Taipei MRT moves to adopt nicknumbering system

“He’s much too unreasonable,” interrupted the Mathemagician again. “Why, just last month I sent him a very friendly letter, which he never had the courtesy to answer. See for yourself.”

He handed Milo a copy of the letter, which read:

4738 1919,

667 394017 5841 62589
85371 14 39588 7190434 203
27689 57131 481206.

5864 98053,
62179875073

“But maybe he doesn’t understand numbers,” said Milo, who found it a little difficult to read himself.

“NONSENSE!” bellowed the Mathemagician. “Everyone understands numbers….”

— from The Phantom Tollbooth, by Norton Juster

The Taipei MRT system has announced that it may be adopting a nicknumbering system for stations within the system.

Bad idea.

And, really, it should be obvious even to city officials what a bad idea this is, given what a complete failure the city’s previous attempt at a nicknumbering system was. (The old attempt, from 2000, had Ma Ying-jeou adding things such as “4th Blvd” to road signs rather than simply fix the signs to use correct Hanyu Pinyin. But the MRT system has used Hanyu Pinyin for years, so foreigners aren’t complaining about a lack of that in 2015.)

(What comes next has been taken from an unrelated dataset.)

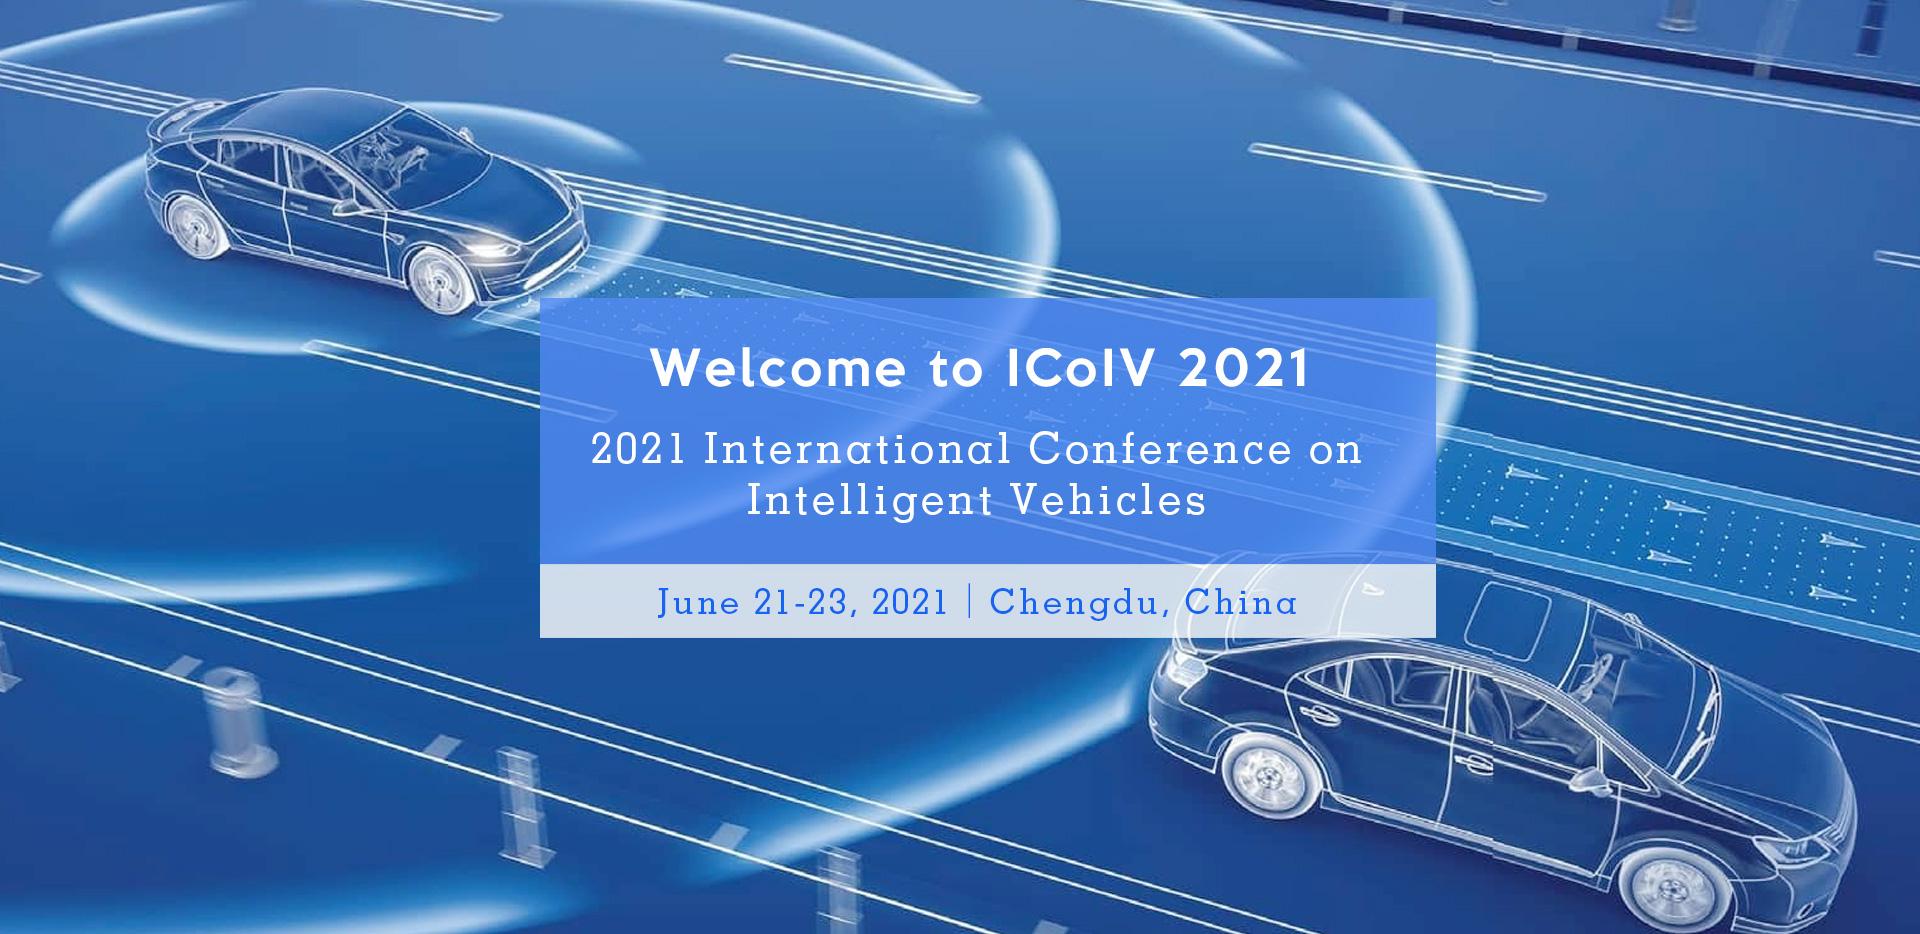 2021 International Conference on Intelligent Vehicles (ICoIV 2021)

I have, however, been complaining for many years about mistakes in the names of some MRT stations and how the MRT system has chosen some bad names. To no avail. But when a politician with no particular history that I’ve seen of giving a damn about what foreigners in Taiwan want decides to grandstand his half-cocked notion, the authorities behind the MRT system jump to implement it, no matter what the supposed beneficiaries might want. Shame on them.

Indeed, this particular politician’s history is of opposition to what foreigners want in terms of signage, as shown by his partisan remarks in favor of Tongyong Pinyin (which is widely despised by Taiwan’s foreign population) and against Hanyu Pinyin (which is almost universally preferred). So I see ample reason to question his motives here.

This new nicknumbering system, by which MRT stations will be assigned additional names (e.g., “R13” and “O11”, for one particular station) is being touted as something aimed at helping foreigners. But I know of no foreigners who have needed any great help on the MRT system — at least not since the city finally implemented Hanyu Pinyin many years ago. Certainly there has been no great outcry from foreigners for any change of this sort. Instead, the nicknumbering system is simply a bad idea that will make things worse, not better. And it will be expensive to implement — money down the drain.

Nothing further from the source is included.